Loin de se résumer au thriller ou à l’horreur, Les Autres parle de folie ; en cela, Amenábar atteste de son excellente compréhension des ressorts psychologiques de l’épouvante. Celui qui expliquera qu’il trouve l’horreur invisible bien plus puissante que n’importe quelle démonstration visuelle peuple son film de rumeurs et de névroses : c’est l’histoire de deux enfants qui devaient vivre dans le noir -à moins que ce ne soit celle de la femme qui refermait compulsivement les portes derrière elle. Les ressorts les plus importants du film -l’époux, les spectres, le soleil -ne sont (presque) jamais présents à l’écran ; leur menace fantomatique est bien plus puissante que leur présence réelle.

Les autres
En confinant la terreur à l’imaginaire, le réalisateur prouve qu’à l’instar des plus grands conteurs, il sait que les meilleures histoires de fantômes sont en fait celles qui n’en sont pas. Ainsi, les revenants les plus marquants à l’écran sont toujours des projections de l’enfer mental des personnages -on pense à l’iconique Bent-neck-lady de la série The Haunting of Hill House ou à la captivante Madeleine de Vertigo. Les fantômes des Autres font sans aucun doute partie de ce panthéon, non pas parce qu’ils traversent les murs et sont invisibles mais parce qu’ils sont bien plus réels que l’on ne voudrait le croire et parlent d’une monstruosité tout ce qu’il y a de plus terrestre.

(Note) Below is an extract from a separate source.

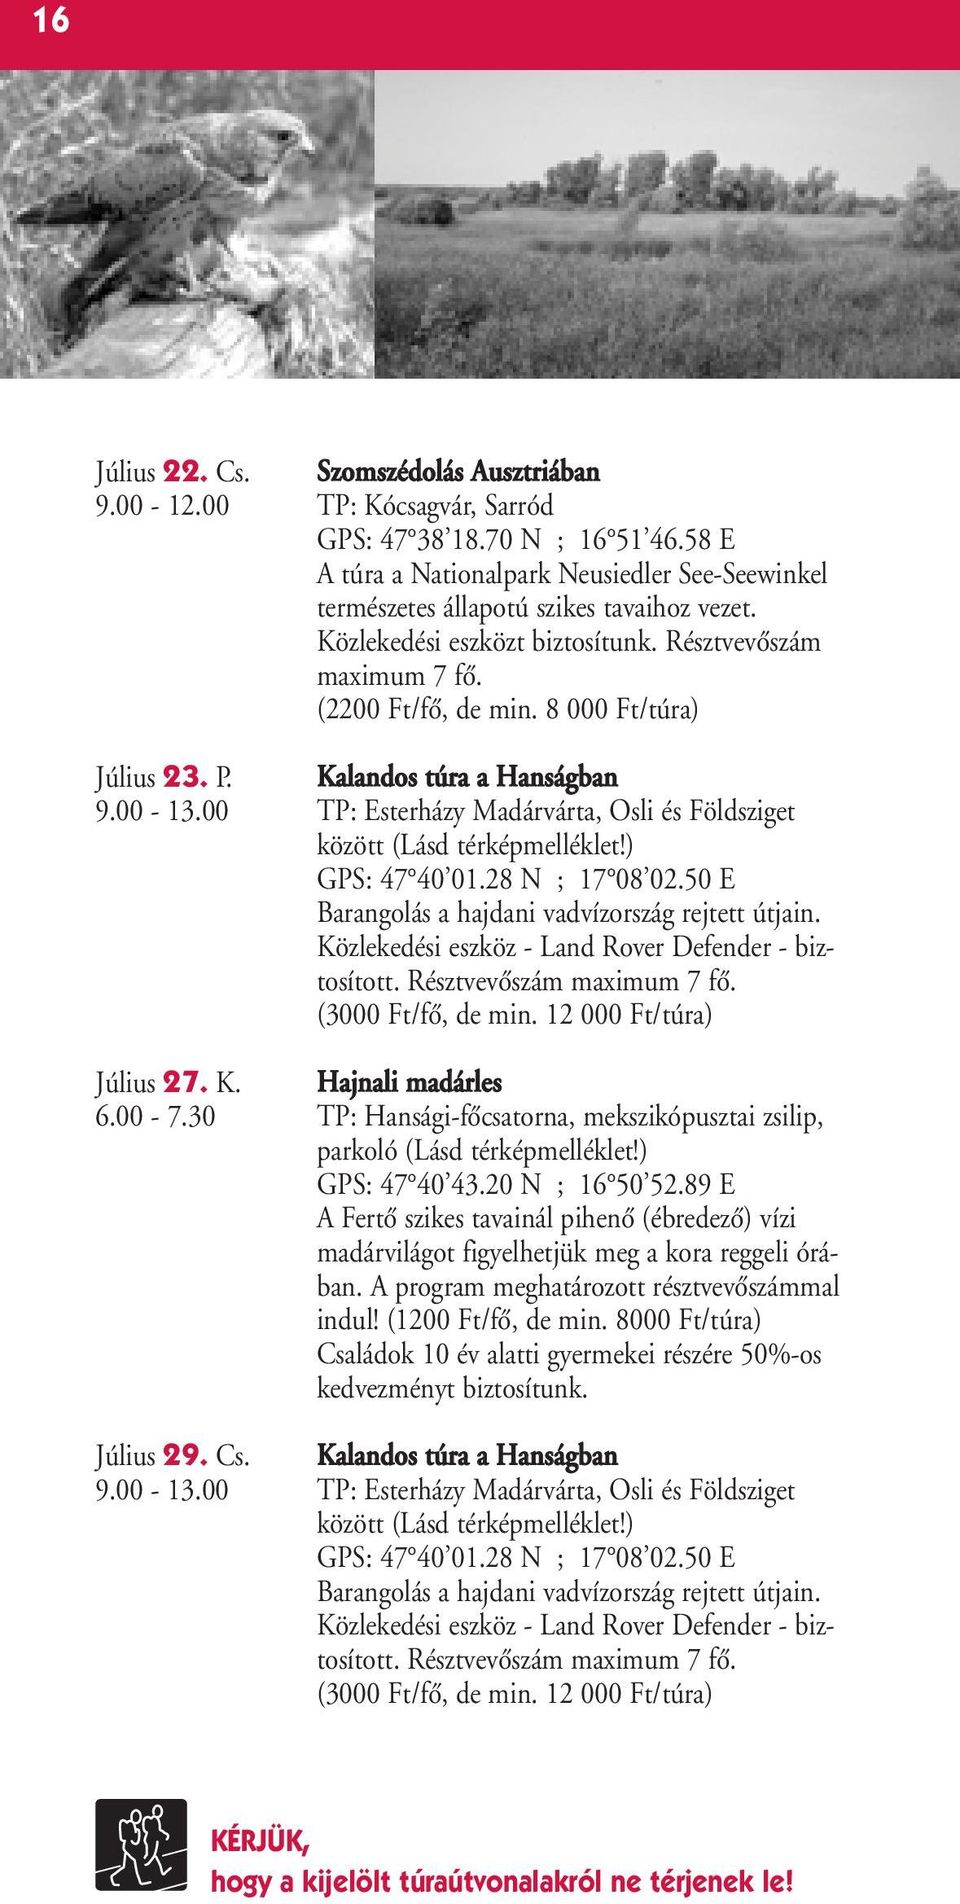 8 000 Ft/túra) Július 23. P. Kalandos túra a Hanságban 9.00-13.00 TP: Esterházy Madárvárta, Osli és Földsziget között (Lásd térképmelléklet!) GPS: 47 40 01.28 N ; 17 08 02.

La guerre, le deuil et le déni sont ainsi les véritables horreurs qu’abrite la grande demeure du film d’Amenábar (matérialisation de l’inconscient), dont Nicole Kidman détient les clés mais qu’elle tente de mettre à distance en gardant toutes les portes -physiques et mentales- hermétiquement closes ; une horreur toute psychologique, condamnée à errer dans nos esprits fragiles comme les personnages du film dans la brume qui les entoure. En cela, Les autres continue de vivre en nous bien après son dénouement, s’effaçant et perdant ses contours pour se faire l’écho des histoires de fantômes et des contes universels sur le chagrin, la mémoire et la réminiscence. Les films de fantômes sont toujours les plus tristes.